A district court reviewing a final decision of the Commissioner must determine “whether the correct legal standards were applied and whether substantial evidence supports the decision.” Butts v. Barnhart, 388 F.3d 377, 384 (2d Cir. 2004), as amended on reh'g in part, 416 F.3d 101 (2d Cir. 2005). The court must uphold the Commissioner's factual findings if there is substantial evidence in the record to support them. 42 U.S.C. § 405(g). “[S]ubstantial evidence” is “more than a mere scintilla” and “means such relevant evidence as a reasonable mind might accept as adequate to support a conclusion.” Richardson v. Perales, 402 U.S. 389, 401 (1971) (internal quotation marks and citation omitted). “Although factual findings by the Commissioner are ‘binding' when ‘supported by substantial evidence,' ‘[w]here an error of law has been made that might have affected the disposition of the case, '” the court will not defer to the ALJ's determination. Pollard v. Halter, 377 F.3d 183, 188-89 (2d Cir. 2004) (quoting Townley v. Heckler, 748 F.2d 109, 112 (2d Cir. 1984)). Thus, “[e]ven if the Commissioner's decision is supported by substantial evidence, legal error alone can be enough to overturn the ALJ's decision.” Ellington v. Astrue, 641 F.Supp.2d 322, 328 (S.D.N.Y. 2009) (citing Johnson v. Bowen, 817 F.2d 983, 986 (2d Cir. 1987)).

DISCUSSION

The plaintiff argues that the ALJ did not apply the treating physician rule, did not give appropriate weight to the claimant's subjective statements about the intensity, persistence, and limiting effects of her symptoms, and that the ALJ's RFC determination did not reflect all the claimant's limitations. In addition, the plaintiff asks the Court to remand solely for the calculation of benefits, arguing that a finding of physical and mental disability is amply supported by the treatment record, and that the ALJ failed to rely on any credible evidence to the contrary.
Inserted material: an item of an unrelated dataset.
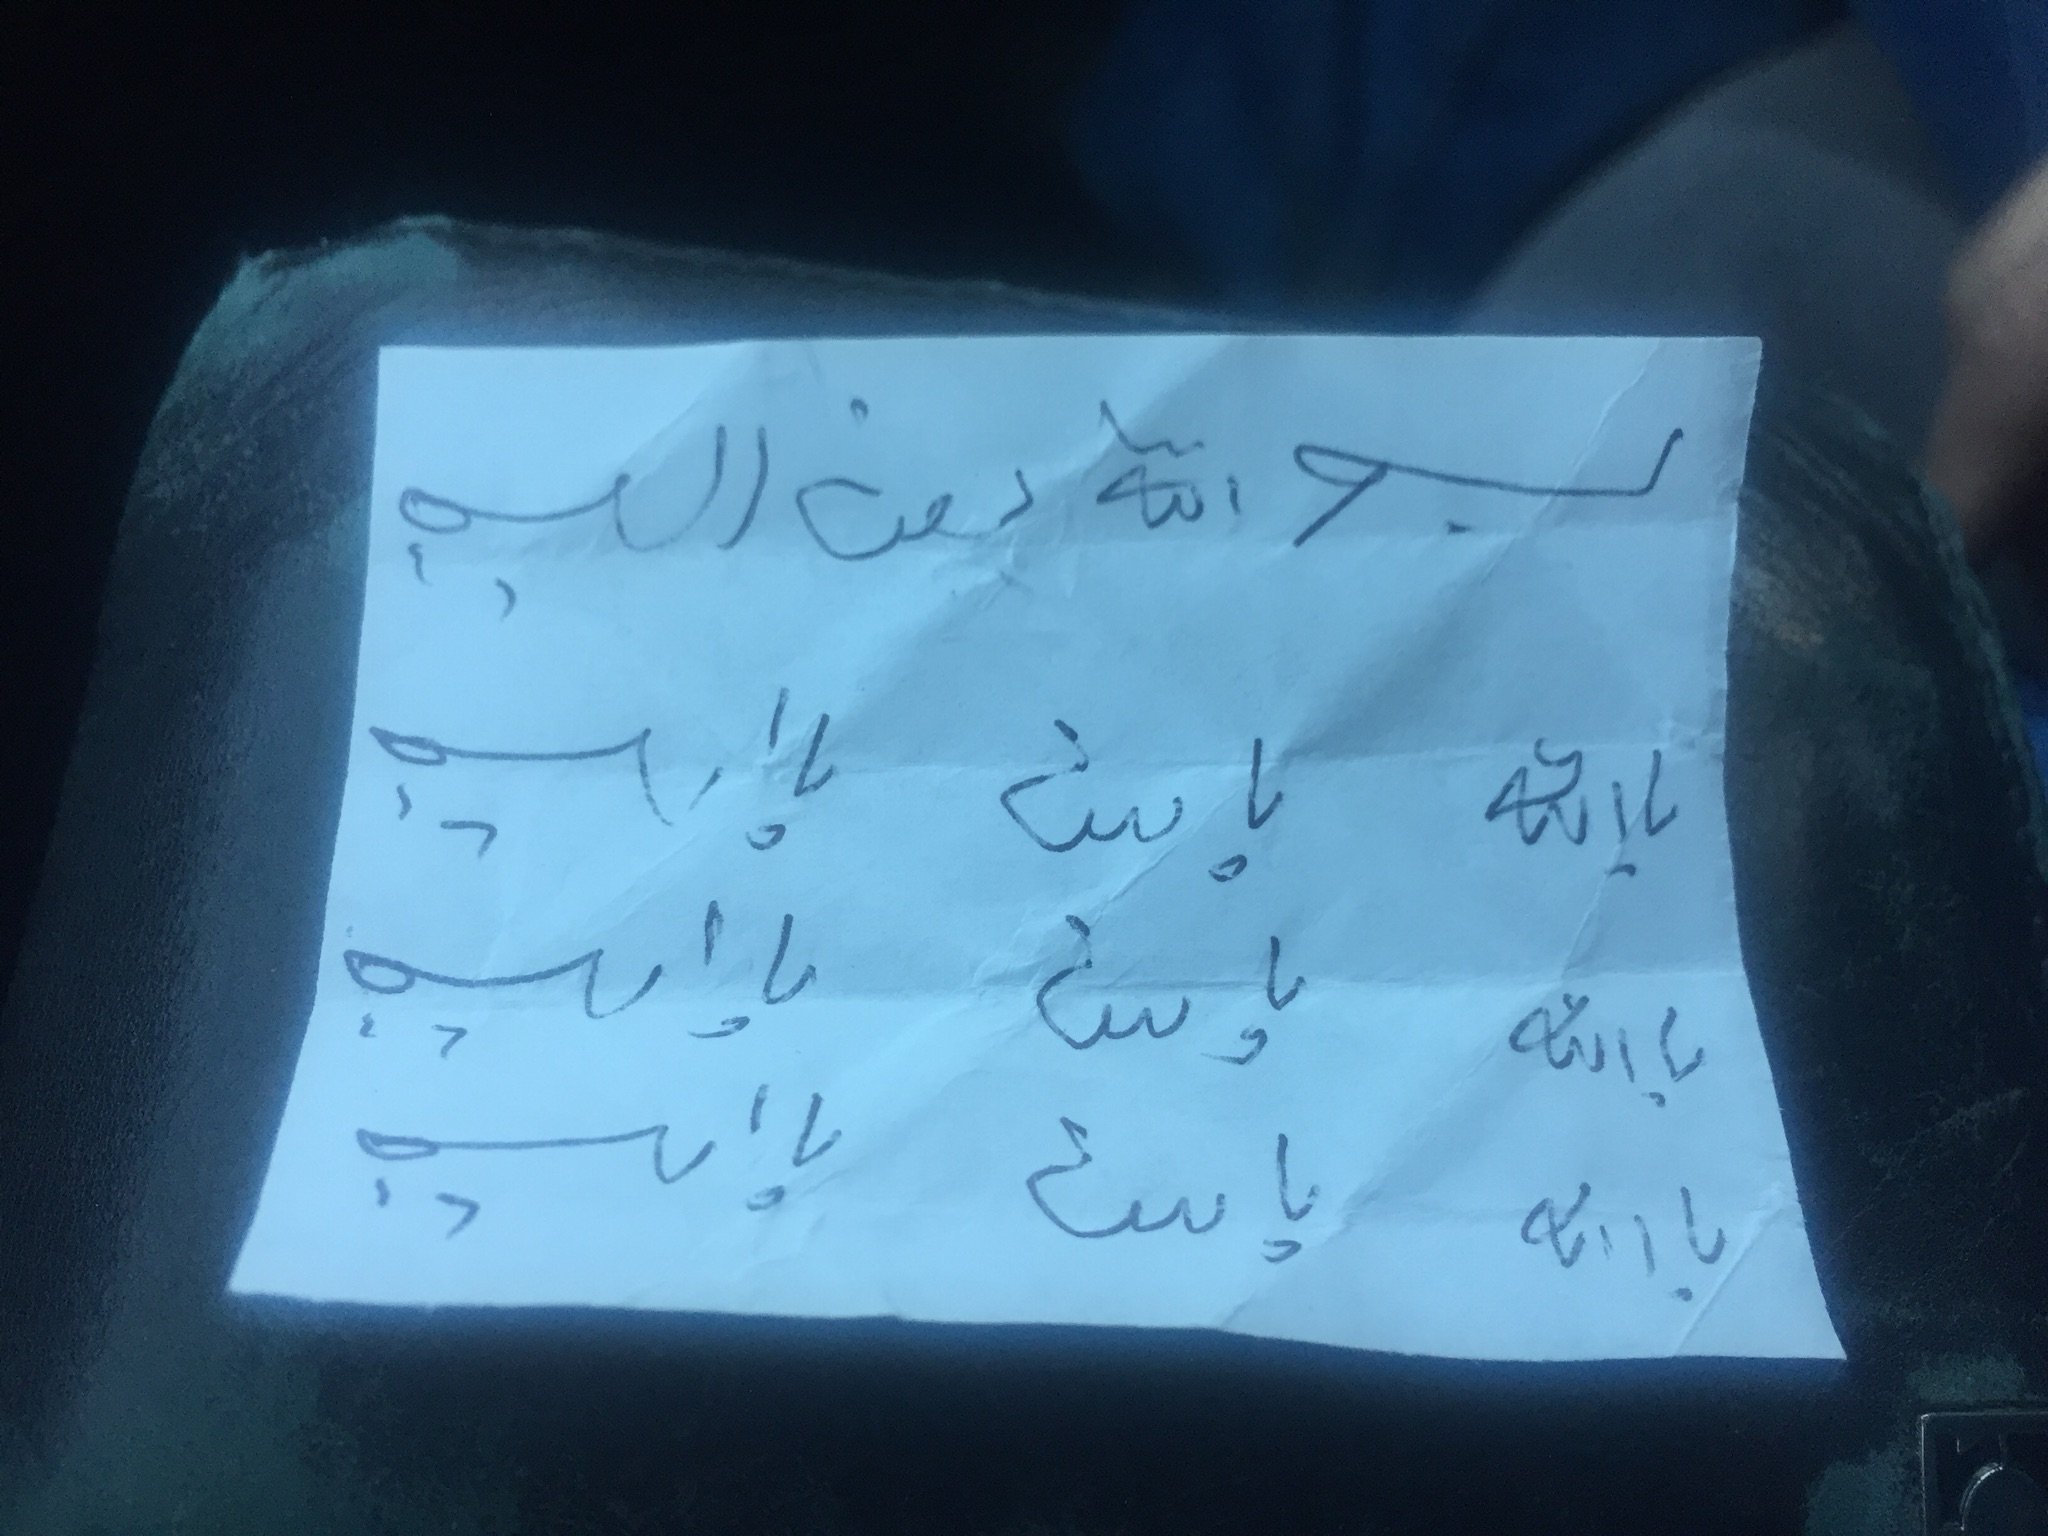 PmJXDXO 1 - Can somebody translate this? I think its Arabic or Pakistani

The defendant maintains that the ALJ properly evaluated the medical evidence and the claimant's subjective complaints, and that the case should not be remanded for calculation of benefits.

I. RFC Determination

a. The ALJ's Evaluation of the Medical Evidence

The treating physician rule requires an ALJ to give a “treating source's opinion on the issue(s) of the nature and severity” of a claimant's impairment “controlling weight” if the opinion is “well supported by medically acceptable clinical and laboratory diagnostic techniques and is not inconsistent with the other substantial evidence in [the claimant's] case record.” Green-Younger v. Barnhart, 335 F.3d 99, 106 (2d Cir. 2003) (citing 20 C.F.R. § 404.1527(d)(2) and Shaw v. Chater, 221 F.3d 126, 134 (2d Cir. 2000)). When an ALJ does not give a treating physician's opinion controlling weight, she must “comprehensively set forth [her] reasons for the weight assigned to a treating physician's opinion.” Burgess v. Astrue, 537 F.3d 117, 129 (2d Cir. 2008) (citations omitted). Failure to give “good reasons” for the weight assigned to a treating physician's opinion is grounds for remand. See Halloran v. Barnhart, 362 F.3d 28, 33 (2d Cir. 2004) (“We do not hesitate to remand when the Commissioner has not provided ‘good reasons' for the weight given to a treating physician's opinion.”).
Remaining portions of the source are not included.